- All three US-authorized coronavirus vaccines can bring mild to moderate side effects.
- Johnson & Johnson’s shot generally has fewer side effects than Pfizer’s or Moderna’s.
- Elderly people saw fewer side effects than younger adults across all three clinical trials.
- See more stories on Insider’s business page.
If you’re getting vaccinated, expect a sore arm.
Pain at the injection site is the most common side effect of all three coronavirus vaccines authorized in the US.
In general, the vaccines produce mild to moderate side effects that shouldn’t last more than a few days. Side effects typically show up within 12 to 24 hours of getting the shot. They’re often a sign that the body is building immunity to the virus.
“It’s important to remember: When people get side effects from vaccines, it’s not really because of the vaccine; it’s more of the body’s immune response to the vaccine,” Dr. Vivek Cherian, an internal-medicine physician in Baltimore, told Insider.

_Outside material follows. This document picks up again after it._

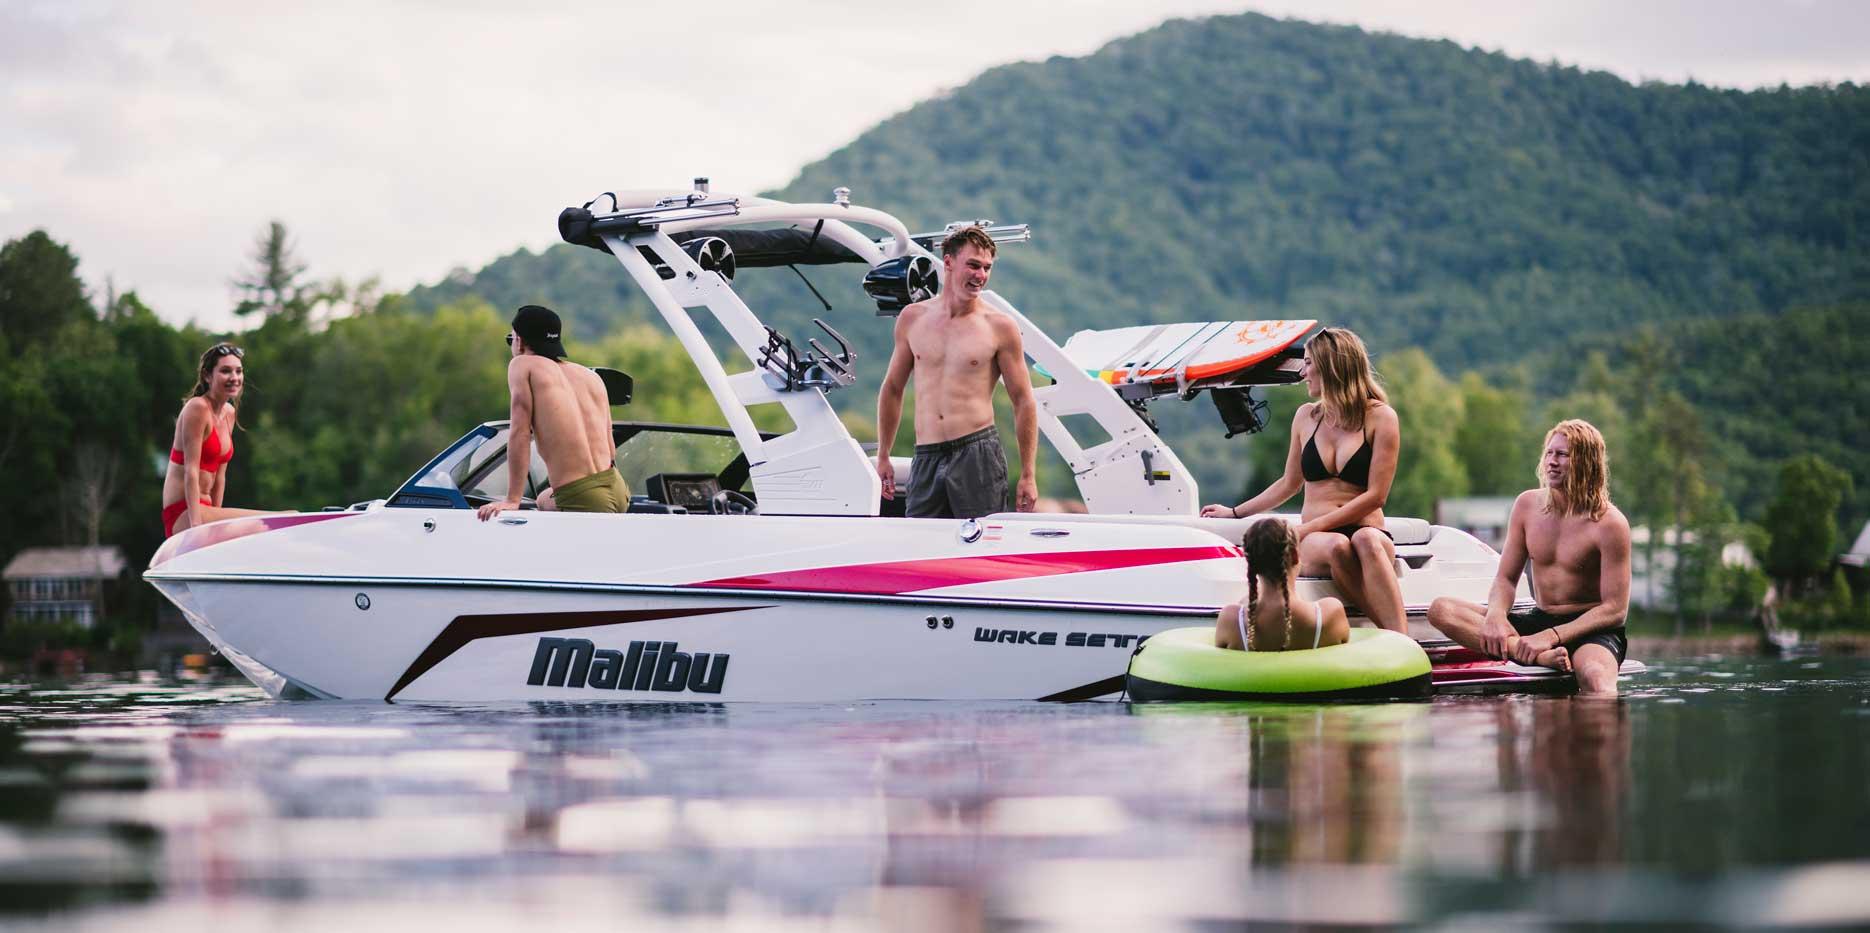 Malibu Boats 21 VLX color scheme

Scroll through the chart below to see which side effects are common based on your age group, which manufacturer’s vaccine you get, and whether you’re on dose one or two. In general, older people experience fewer side effects than younger adults, since our immune response gradually weakens with age. For two-shot vaccines like Pfizer’s and Moderna’s, the second shot amplifies an existing immune response, so people typically feel more run-down after that dose.
Vaccines spur our bodies to produce coronavirus antibodies. But since our immune systems can’t distinguish between a real infection and a vaccine-induced response, they still release inflammatory chemicals to protect us. That’s why people can develop a fever, muscle pain, fatigue, or headaches shortly after their shots.
Johnson & Johnson’s shot has the fewest side effects
Across the board, Johnson & Johnson’s shot has milder and fewer side effects than the other two. Some experts suspect that’s because it’s a single shot.
Nearly 62% of participants younger than 59 in Johnson & Johnson’s trial developed side effects, compared with 45% of people ages 60 and up.
That’s relatively similar to the reported side effects after one dose of Moderna’s vaccine: Around 57% of people younger than 65 in that trial developed side effects, compared with 48% of those older than 65. After the second Moderna dose, however, nearly 82% of people in the younger group developed side effects, compared with nearly 72% of older adults.
But Johnson & Johnson’s shot also seems to be less effective overall: Clinical trials suggest the vaccine is 66% effective at preventing COVID-19. Pfizer’s and Moderna’s vaccines are each more than 90% effective. However, it’s difficult to compare the companies’ trials side-by-side, since they happened at different stages in the pandemic and in different geographic regions.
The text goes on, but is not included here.